The FAF abnormalities (hyperautofluorescent in active stage progressively becoming hypoautofluorescent in healed stage) have been well recognized (unpublished data). We observed that in the very initial stages of disease occurrence, when there was feeble hyperautofluorescence in the areas of new lesions, the OCT showed hyperreflectivity in the outer retinal layers that was fuzzy and ill defined. The choroid did not show any reflectance. This is an important OCT finding during the acute stage of SLC that may reflect the site of primary insult in SLC. However, SD-OCT technology is not yet able to image the choroid similarly to the retina, and hence, the absence of choroid changes on SD-OCT is not enough to definitely exclude its primary involvement in SLC.

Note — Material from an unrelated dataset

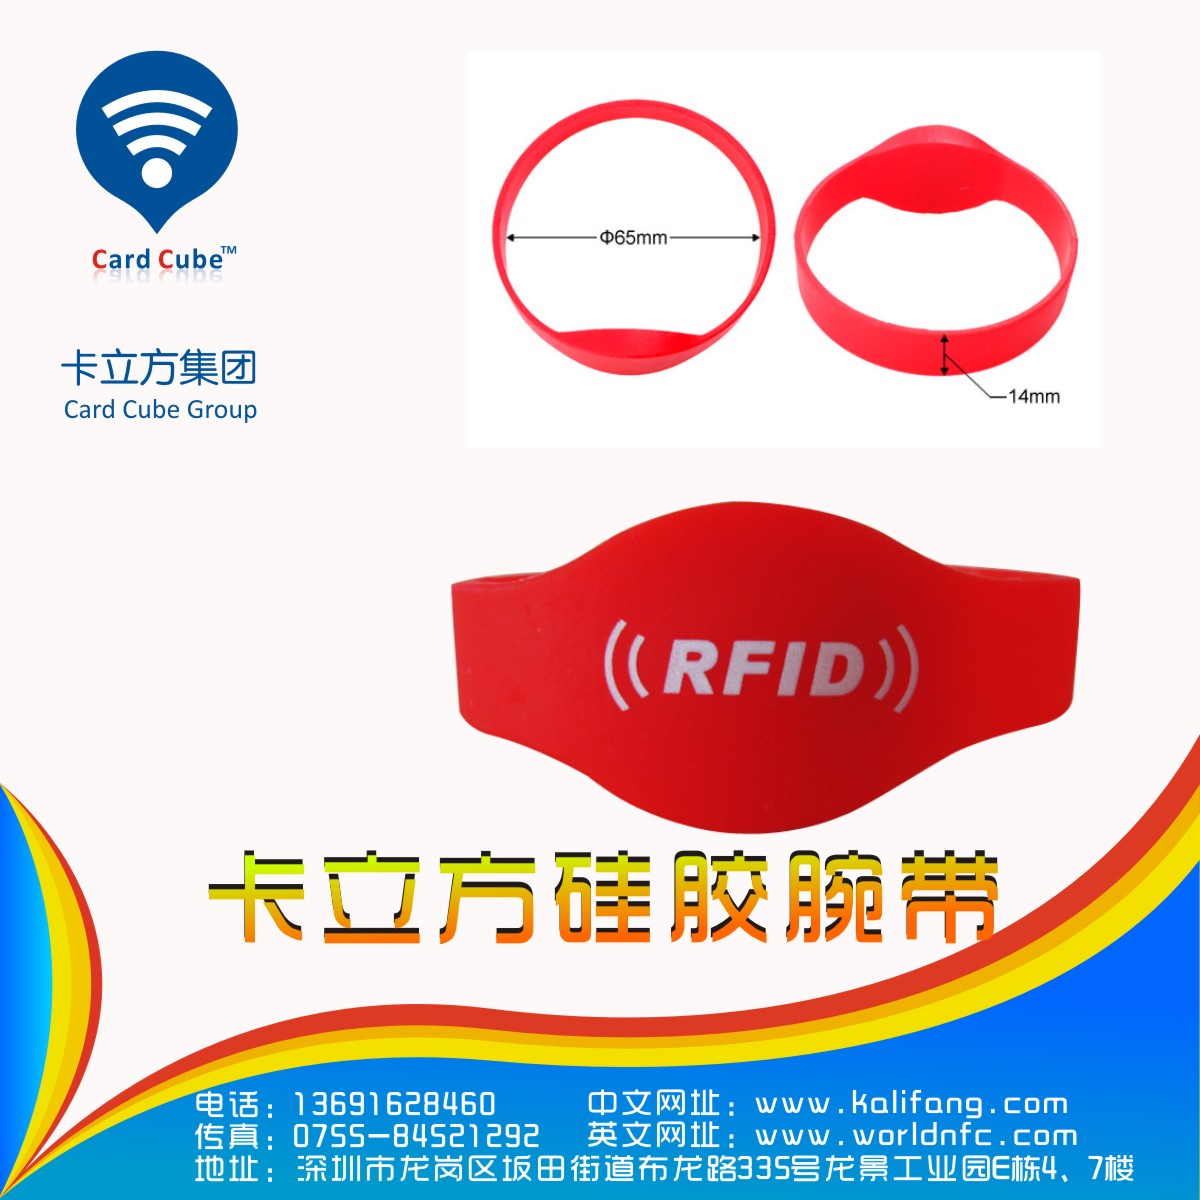 卡立方rfid腕带手表|硅胶RFID腕带|腕带厂家那里有? 卡立方rfid腕带标签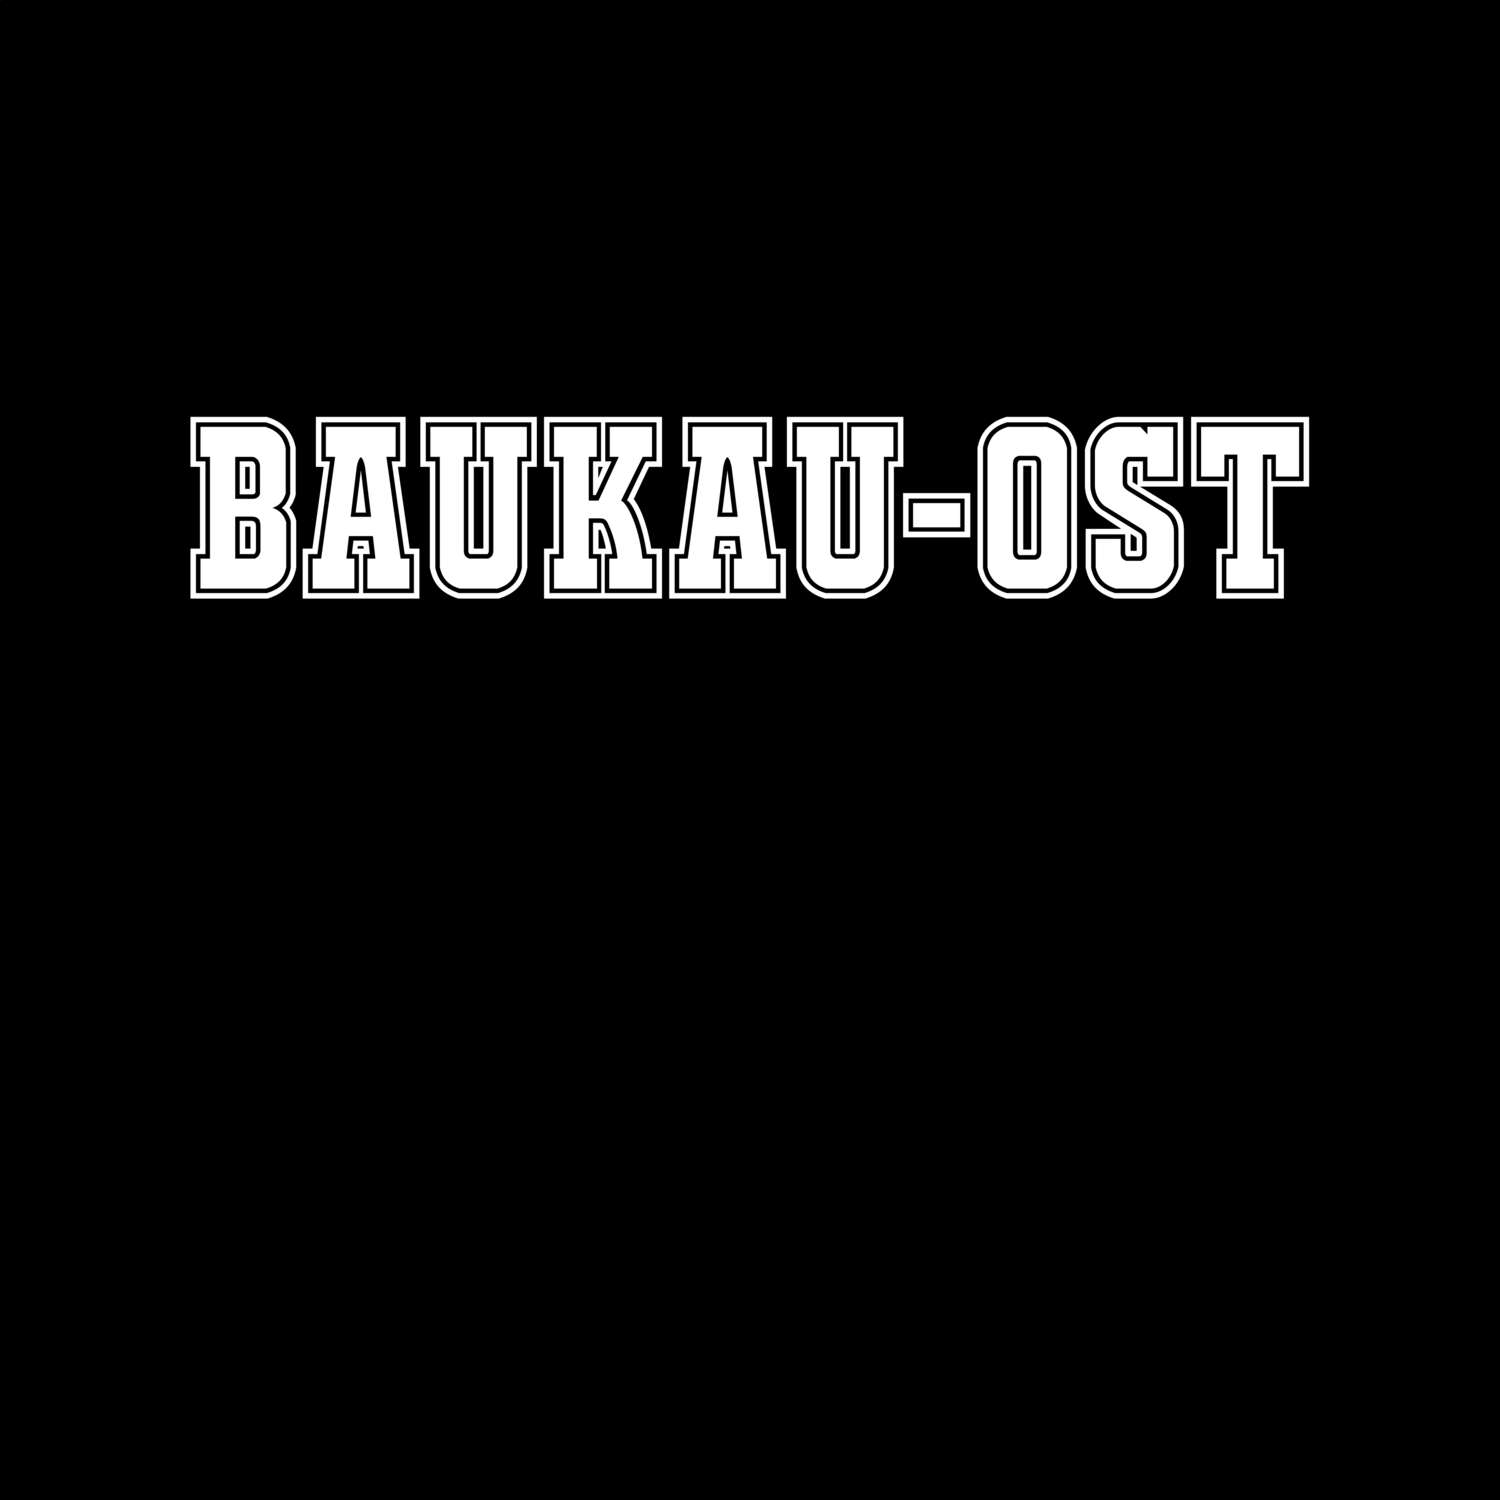 Baukau-Ost T-Shirt »Classic«

Hyperreflectivity in the outer retinal layers in an active SC lesion is believed to be suggestive of acute inflammation involving deeper retinal and choroidal structures. From the OCT findings of our patients, we speculate that in an acute lesion of SLC, there is an increased metabolic activity caused by primary inflammation of the RPE cells. Release of inflammatory mediators into the retinal layers adjacent to the RPE causes a fuzzy, hyperreflective appearance on SD-OCT. Following an acute inflammatory episode, the RPE cells undergo hyperplasia and hypertrophy which is evident as hyperautofluorescence on FAF due to increased collection of lipofuscin. This corresponds to the localized, knobbly elevations of the outer retinal layers which represents clumping of the inflamed RPE cells. Once these damaged RPE cells undergo atrophy, there is an irreversible loss of photoreceptors giving rise to the loss of the outer retinal layers on OCT. The simultaneous increased hypoautofluorescence depicts the atrophied RPE cells. The late pigmentation of the retinal scar associated with RPE hypertrophy or hyperplasia also leads to a decreased FAF signal (especially when photoreceptors are disrupted), as can also be seen in Figs. 1 and 2. The baring of choroidal vessels in healed lesions of SC in contrast to their masking by hyperpigmentary changes of the RPE in SLC may also be due to entirely different entities affecting the inner choroid and the RPE cells, respectively.
The limitations of our study include a small number of cases and lack of clinicopathologic correlation. The outer retinal bands on SD-OCT, particularly IS/OS junction and POST, have not been so far correlated to the histological structures, and such correlation is still mostly presumed. However, the sequential ultrastructural changes in the outer retinal morphology on SD-OCT scans as seen in our patients provide important information that may add a new dimension in understanding the primary site of pathology in inflammatory conditions affecting the choroid and the RPE–photoreceptor complex.